With roots in Greek tragedy, it’s a timeworn scenario that has inspired some great masterworks by the likes of Claude Chabrol, Nicolas Roeg, Andrei Zvyagintsev, Ari Aster, and many others. Hence, it’s not irrational to expect that it would inspire even a modestly accomplished Armenian retelling – especially considering the pertinence of the theme, following the 2020 Artsakh war.
Alas, even the trailer quickly dispels any hope that this might, against all odds, be an artistically inclined project rather than a tone-deaf simulation of Lars von Trier’s Antichrist, stripped of its metaphysics and hardcore penetration. Pasted together with astoundingly prosaic dialogue and performances so wooden they could make my grandmother’s cupboard jealous, the film appears to be yet another pitiable attempt to scrounge off a Hollywood recipe. Except, instead of broad-appeal comedies, this “daring” (read – mildly erotic) production sets its sights on prestige melodramas built around marquee stars putting on fireworks of emotional suffering—à la Pieces of a Woman with Vanessa Kirby or Kenneth Lonergan’s masterful Manchester by the Sea.
Unfortunately, in its desperate effort to eliminate any trace of authenticity or cultural context (even the title seems designed to avoid unwelcome Armenian associations), Syu produces the cinematic equivalent of an off-key karaoke performance in ill-fitting drag.
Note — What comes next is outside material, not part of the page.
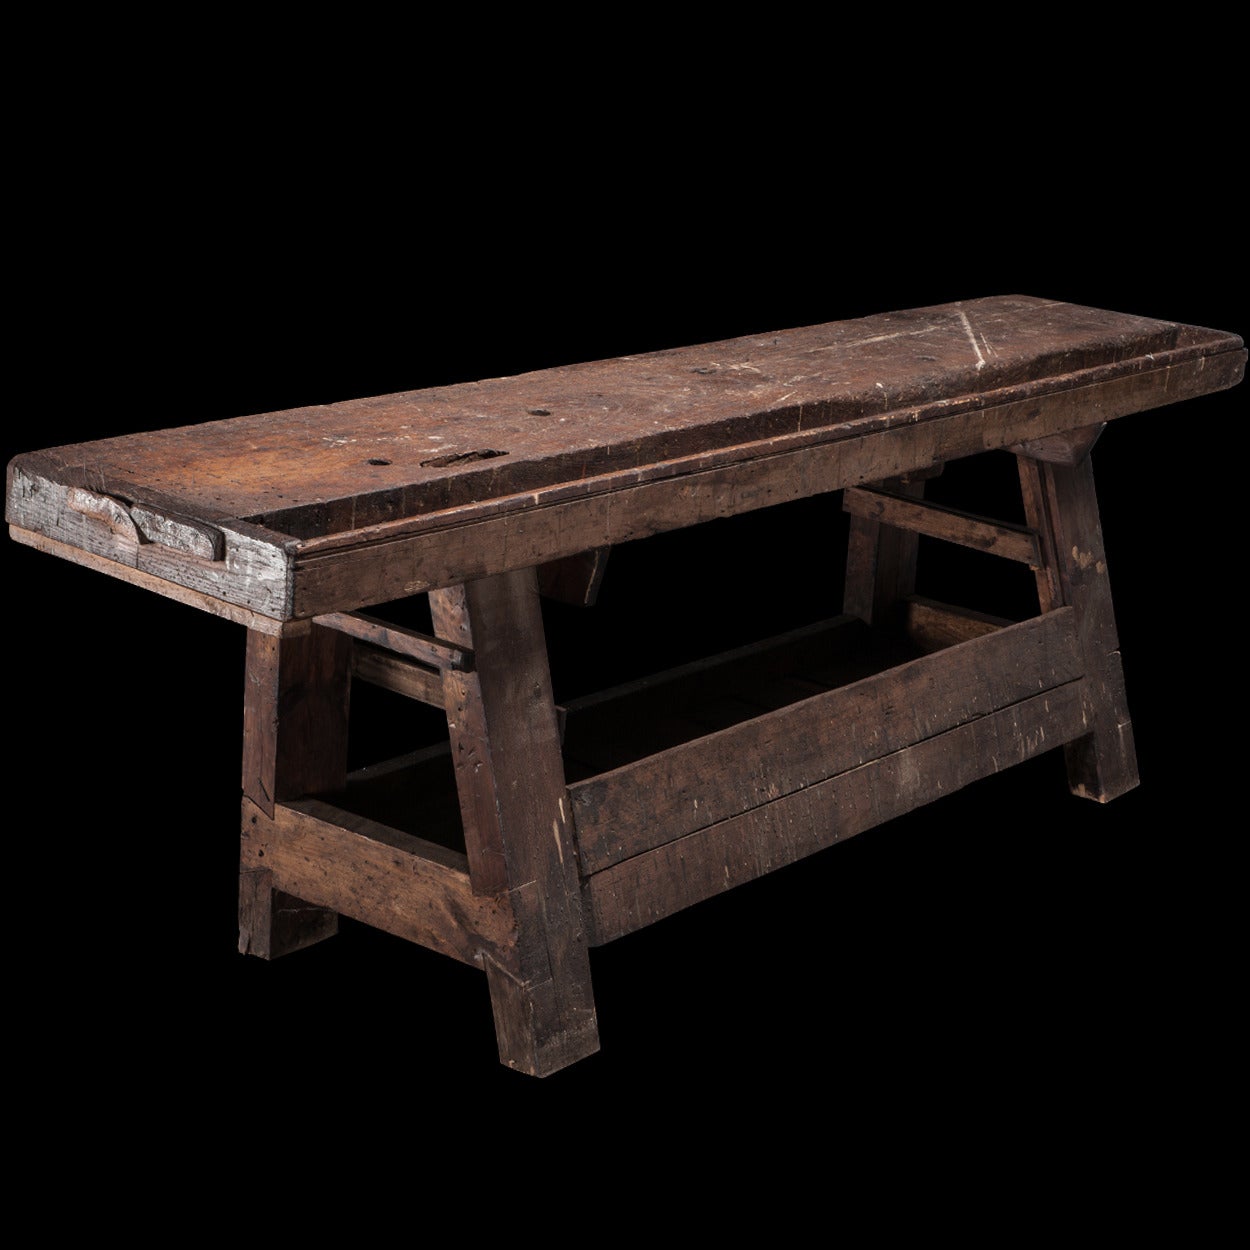 Solid pine workbench, with beautiful patina and original paint splatters.

Made in France circa 1870.

This would be less irritating if the film didn’t also display considerable technical polish—and budget—in its cinematography, editing, production, and sound design. Which begs the question: why is Armenian popular cinema still so reluctant to turn toward stories, characters, and issues rooted in its own lived reality, instead of resorting to the undignified shortcut of crass copy-pasting? Isn’t that dilemma itself the perfect subject for an original, relevant film?